Not put aside when work was being done, infants remained constantly in touch with the activities of life around them, their tiny hands ever reaching out to whatever items or materials were in use, and onto the hands, arms, and muscles of the users. In this way even as tiny babes-in-arms they began accumulating a kinesthetic familiarity with the implements and activities of life.

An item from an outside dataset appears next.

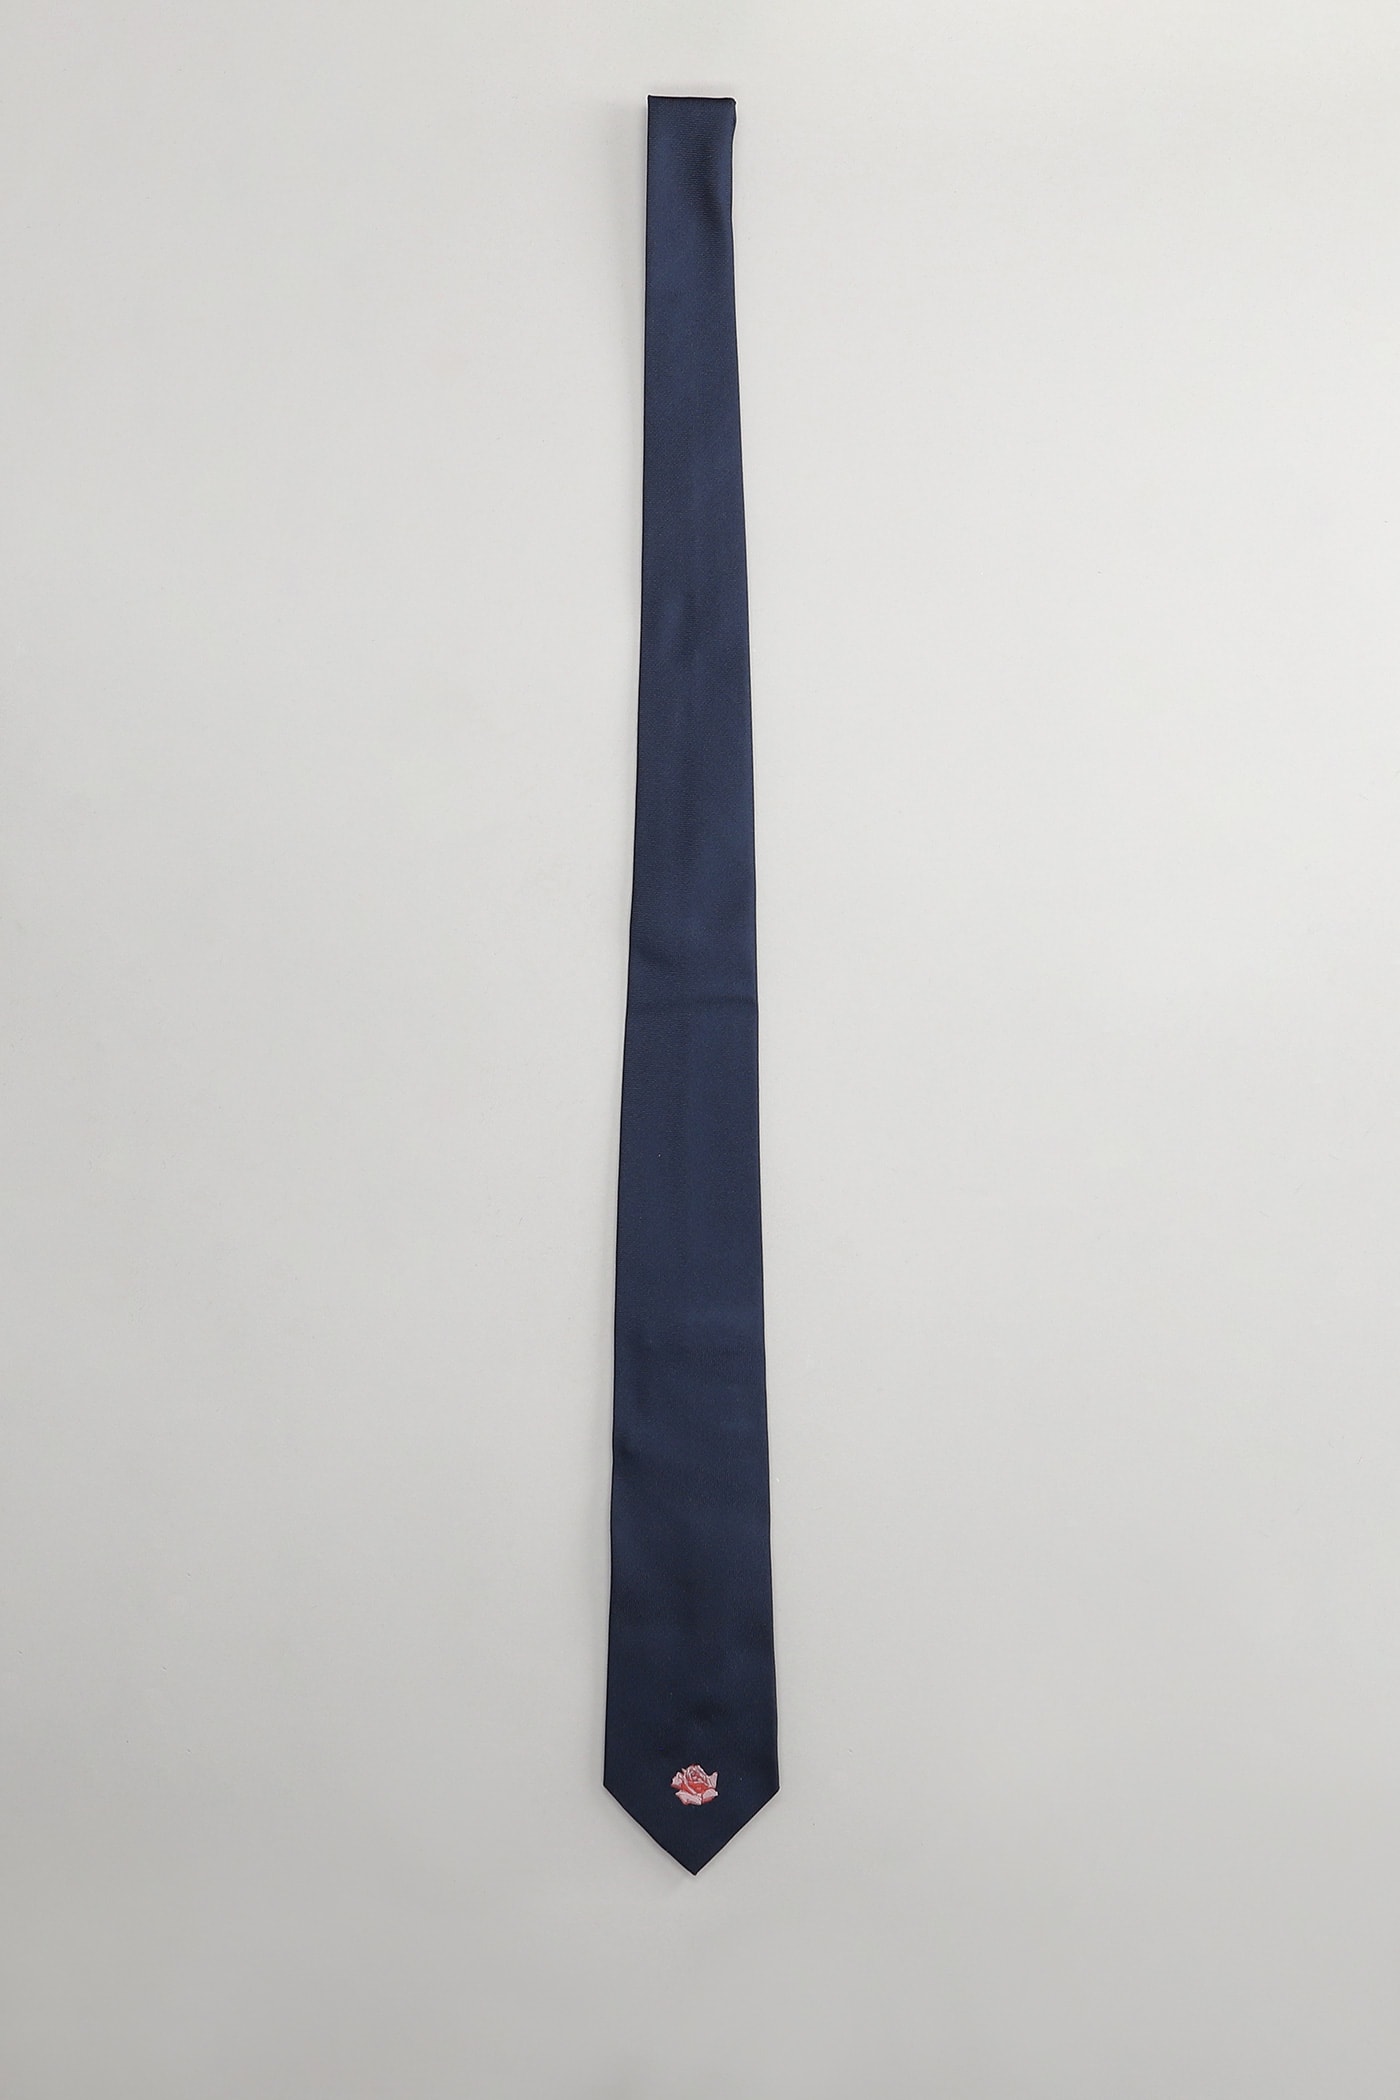 Kenzo Tie In Blue Silk

This familiarity, supplemented by a rapidly developing 'tactile-talk', produced in toddlers an ability to manage objects and materials safely that might be dangerous elsewhere. When first sojourning in those southern hamlets, I was repeatedly aghast to see toddlers barely able to stand upright playing with fire, wielding knives, and hefting axes--without concern by anyone around. Yet they did not burn down their grass/bamboo abodes or chop off their toes and fingers. During all the years I spent within their communities, I never saw these babies hurt themselves while engaged in this type of independent exploration.
When tots explored outward, their antennae stayed tuned to the affect, mood, and musculature of those they left behind, thereby maintaining affective connection across space. With adults and older children constantly a source of gratification rather than obstruction, toddlers had no desire to escape from supervision. Even slight intimations of concern from those behind, such as a tensing of musculature, was enough to stop a baby in its tracks and cast about for cues. While mothers in many places feel within themselves the kind of pain that might be looming for their baby, it's not so instantly perceived. Faster than any words of warning could be formed, these New Guinea tots were already responding. No words necessary. If some subtle 'all-clear' cue did not quickly come, the infant made fast tracks to home base: No reckless plunges onward, no furtive tricks to escape supervision.
When babies began acquiring verbal speech, their words and sentences floated out atop a sophisticated body-language already well in place. Even after acquiring spoken language, tactile-talk continued taking precedence in much of daily life. It conveyed affect better. It was faster and more direct. Most of all it touched more deeply and more quickly into the hearts and minds of others. Tactile-talk was affect-talk. It integrated the spontaneous affect of individuals, often many at a time. So adept did young children become at this that they would at times merge actions into wordless synchrony.9 With such rapport surrounding them tots could also safely enter into the rough-and-tumble play of older children. There were no games with rules, no formal skills to measure up to. Play was spontaneous, improvised, and exploratory, so small children were never in the way. Instead, their wide-eyed enthusiasm was a constant source of pleasure for the older children. The younger children were always welcome and were handled with intuitive regard and delight.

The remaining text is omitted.